- **DATA EXCERPTS**:
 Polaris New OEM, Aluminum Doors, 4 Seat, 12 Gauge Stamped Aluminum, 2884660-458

==

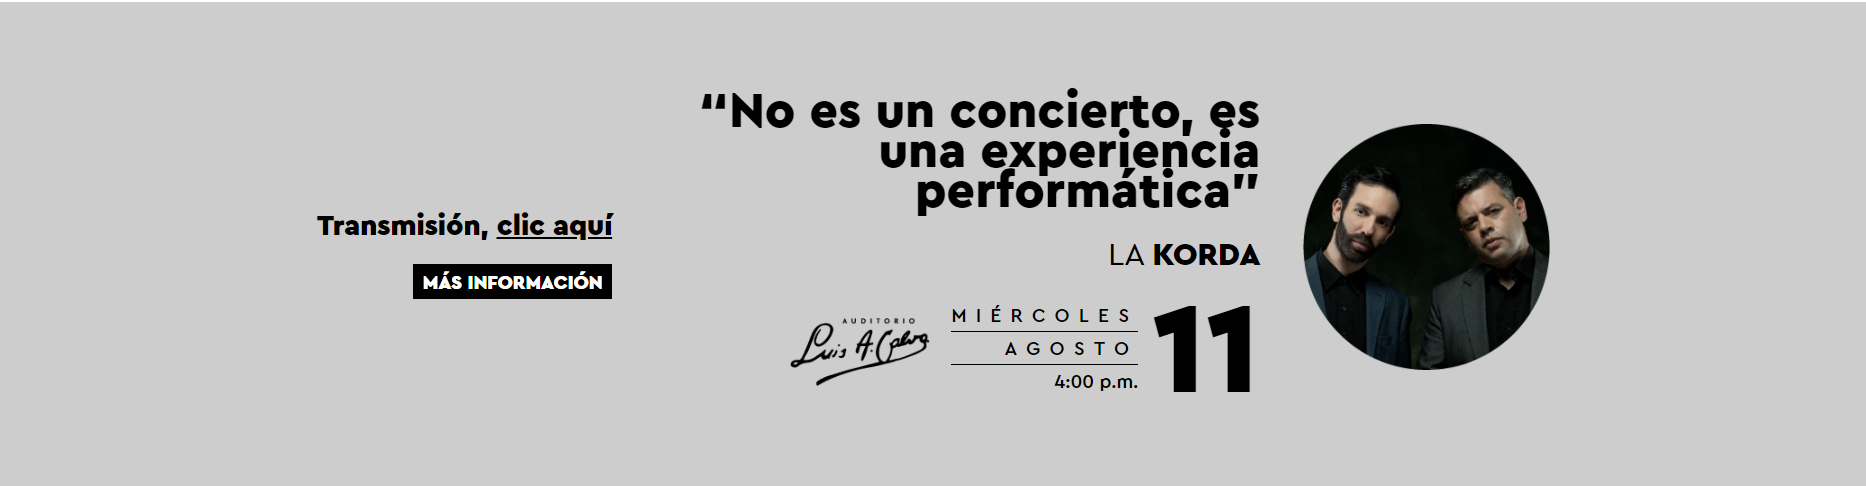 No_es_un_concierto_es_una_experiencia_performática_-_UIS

--

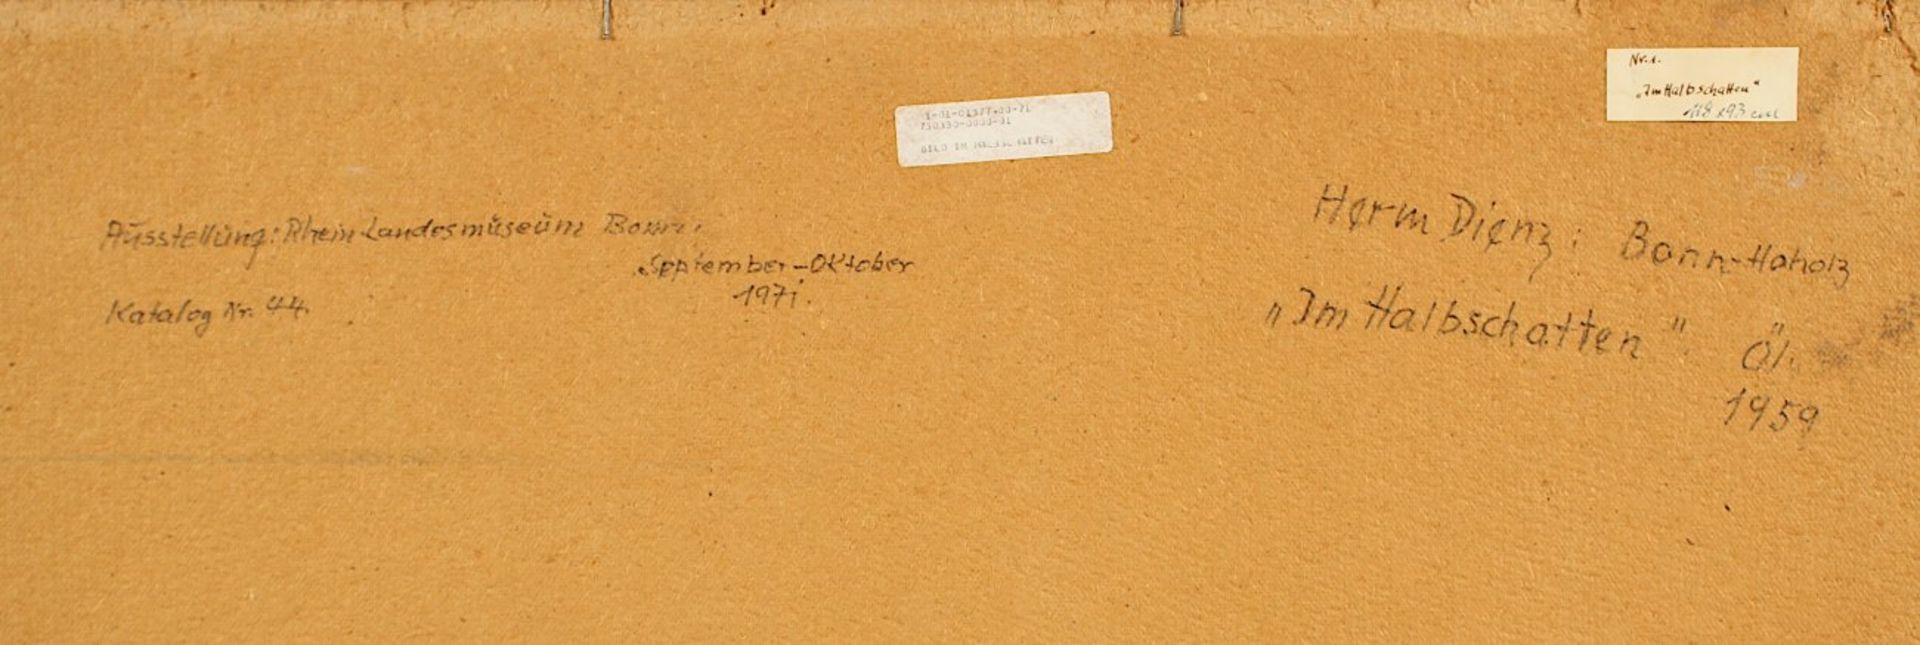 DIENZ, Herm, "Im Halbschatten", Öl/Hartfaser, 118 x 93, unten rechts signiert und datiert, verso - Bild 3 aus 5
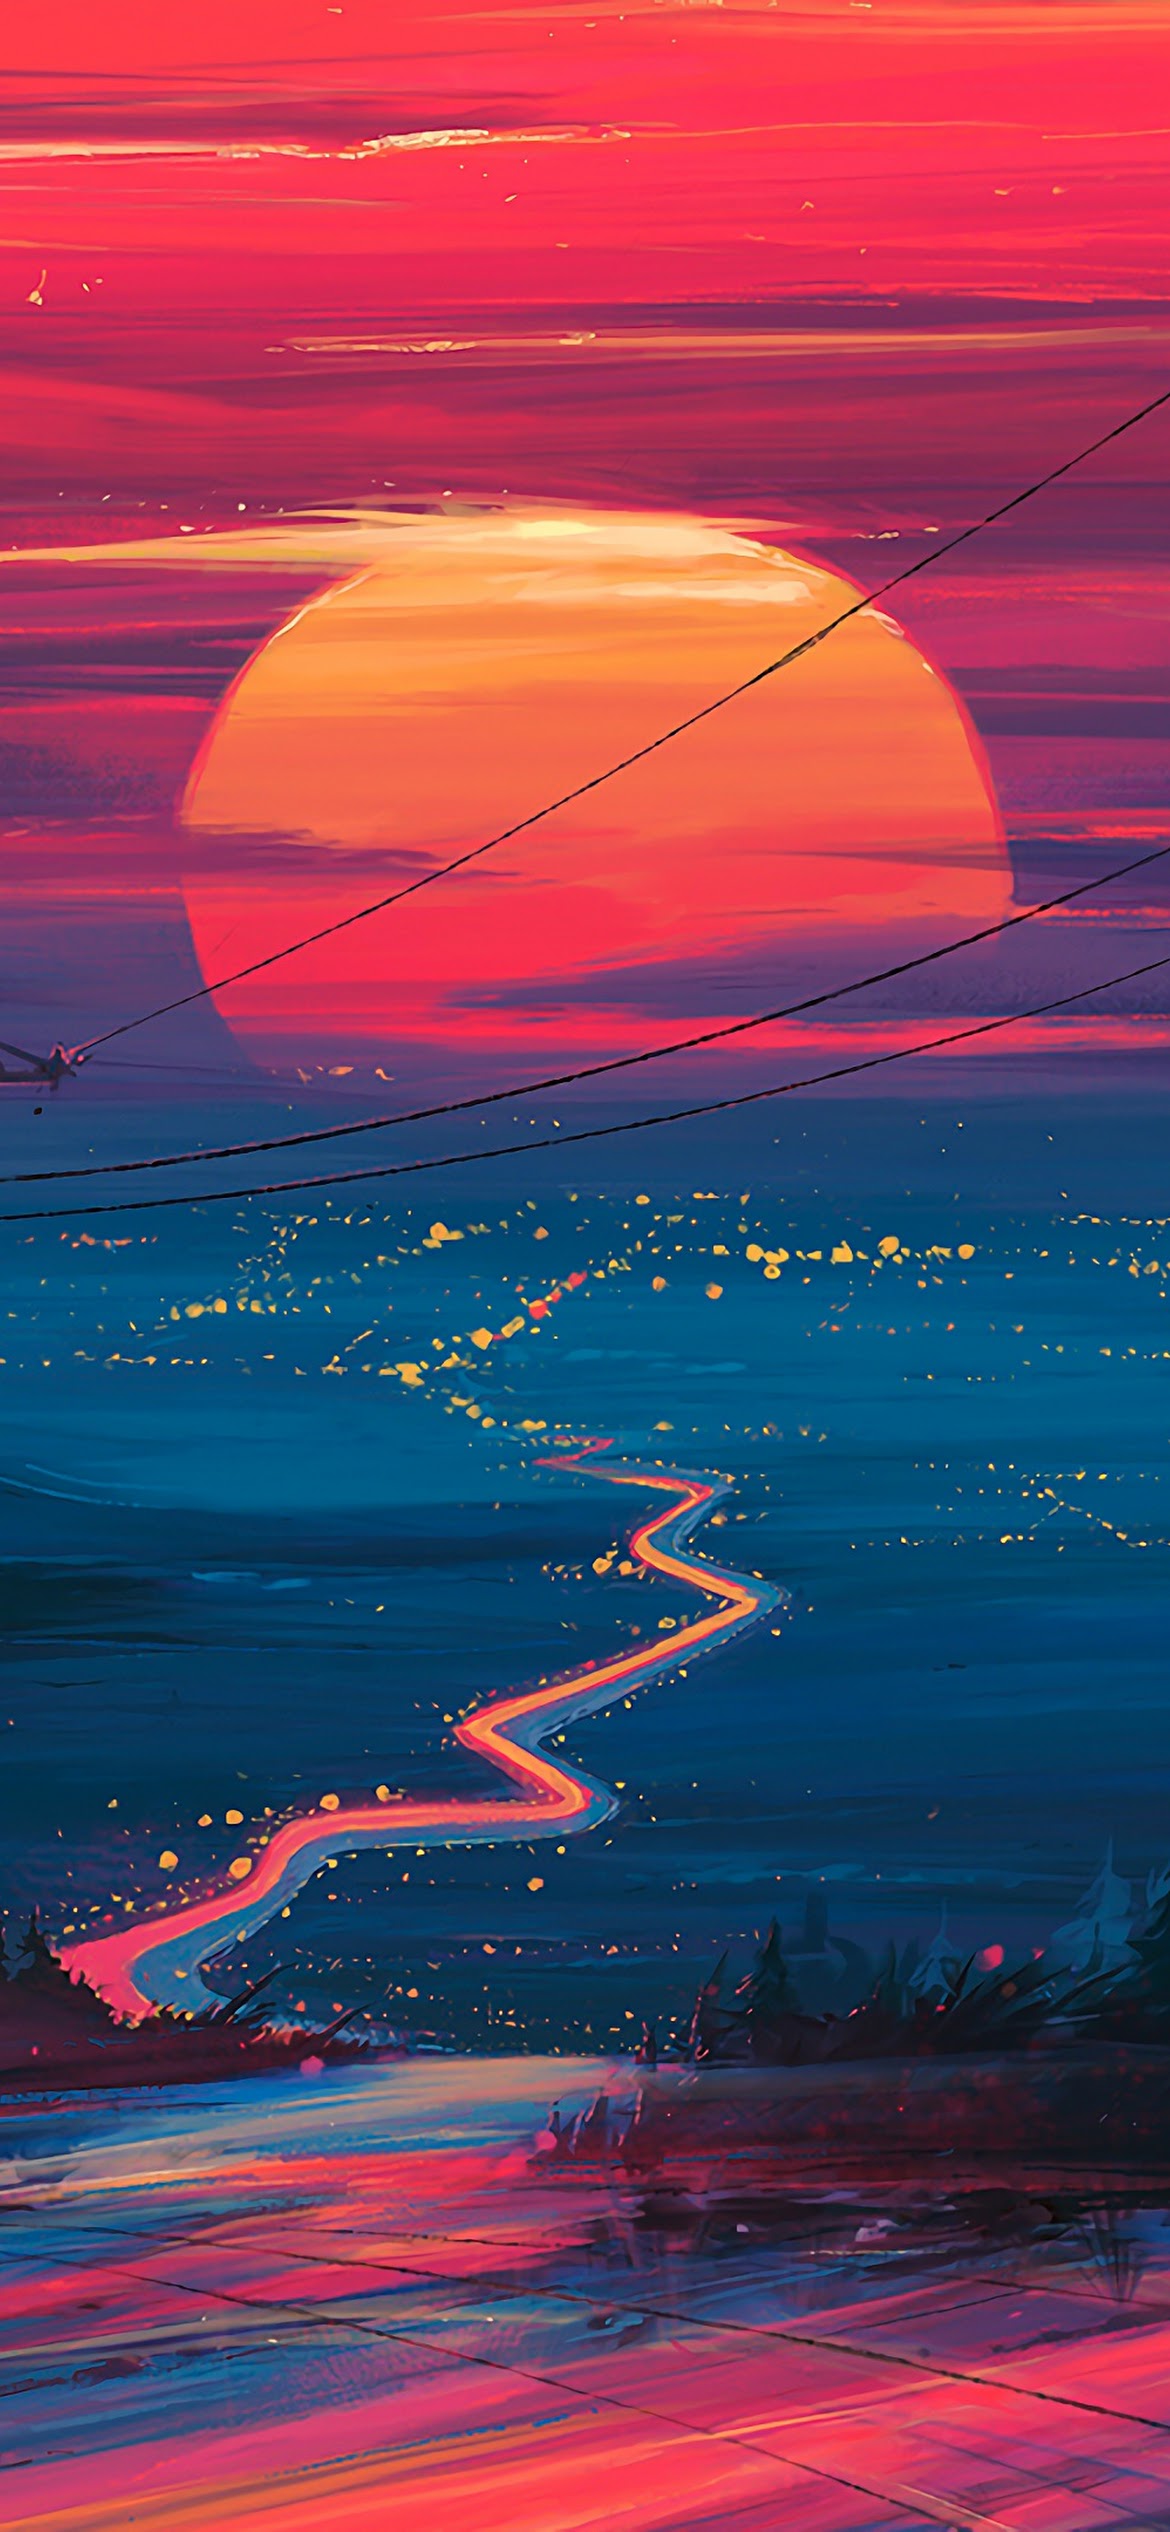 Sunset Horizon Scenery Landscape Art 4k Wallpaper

- **REQUIRED ACTION**: Your reply is to be an exact repeat of the listing above from the line holding "Bild 3 aus 5" down to the line holding "Sunset Horizon Scenery", ends included, pictures excluded.

- **OUTPUT BELOW**:
 DIENZ, Herm, "Im Halbschatten", Öl/Hartfaser, 118 x 93, unten rechts signiert und datiert, verso - Bild 3 aus 5
 Sunset Horizon Scenery Landscape Art 4k Wallpaper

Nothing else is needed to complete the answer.